The problem I see over and over with men is they take part of the blame on themselves because they think it’s ‘the right thing’ to do.
Somehow we’re asked to sympathize because her needs were not met. The problem with this mindset is you simply don’t get to change your mind on your obligations to someone because of what they aren’t doing. This is such a stretch to expect that you’ve got license to justify your actions based on what other people do or don’t do for you.
This victim mindset causes us to do nothing more than shift blame and responsibility away from ourselves.
The take away for you as a man is really simple. If she cheats, you leave. You may not leave that instant as you’ve likely got kids and a house together, but you check out and make serious inroads to moving on with your life. There is never any coming back from this type of trust break down and even if you do, would you want to tolerate that type of behavior and set a precedent for the future?
This is a hard line but you must see the value in yourself for this to make sense. The behavior of a cheating partner, his or her shortcomings are never your fault.
The reason why this is so important, is what you tolerate, what you allow in your life should always reflect the personal boundaries you live by. Yes, you should always look inward and self reflect on your contribution to relationship problems, but don’t accept external responsibility for something you didn’t do.
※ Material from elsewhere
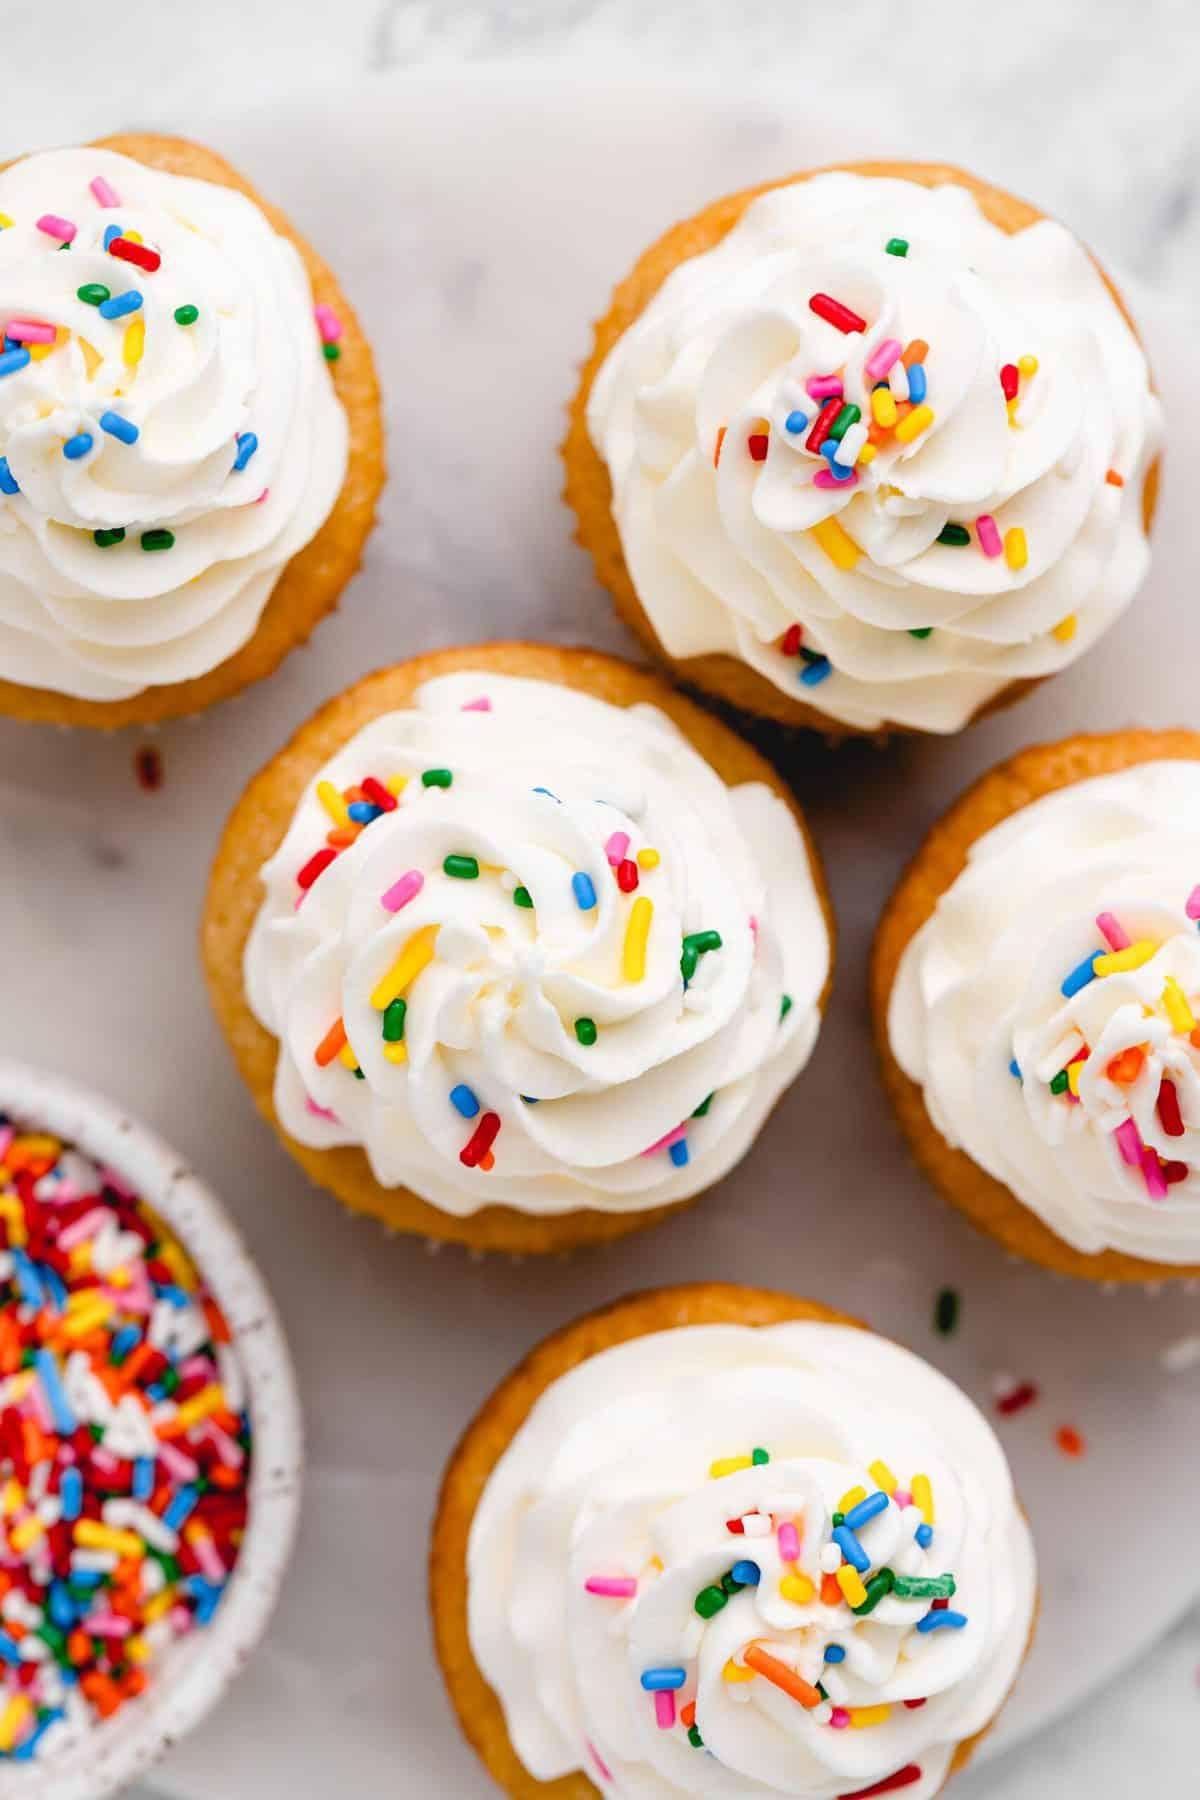 Vanilla cupcakes with vanilla buttercream frosting.
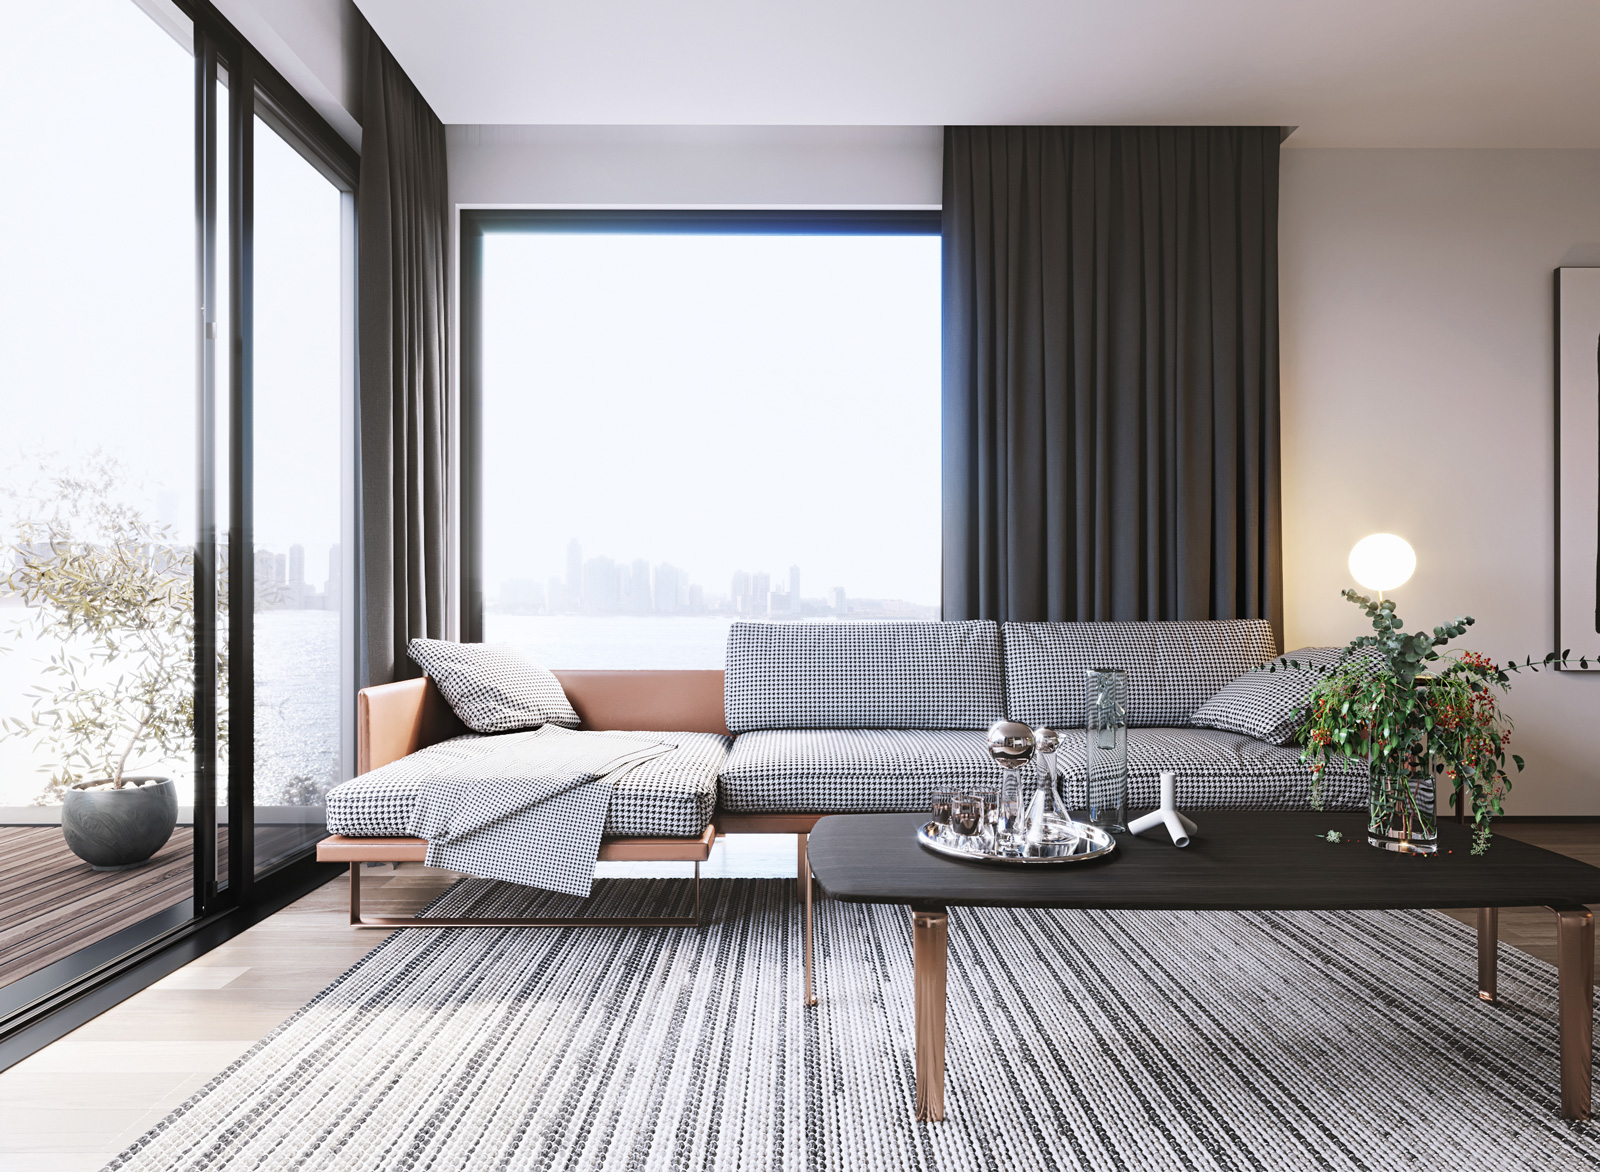 Residential Home - Equilibrium

This is the first step is understanding that you have value well beyond the guy that needs to simply “do the right thing” by her and the family.
I appreciate this is more difficult for men as we’re expected to be the foundation for the family and the ‘strong one’ in the relationship. Yes, if you’re in a relationship you need to learn balance and compromise, but it doesn’t stop you from having firm personal boundaries and not taking on the responsibility for others actions.
You’re responsible for yourself, all of your actions, but never what someone else does.
I’m gonna leave you with this clipping.
Get busy guys, get busy becoming a top tier man of immense value that’s 100% responsible for every action and decision you make.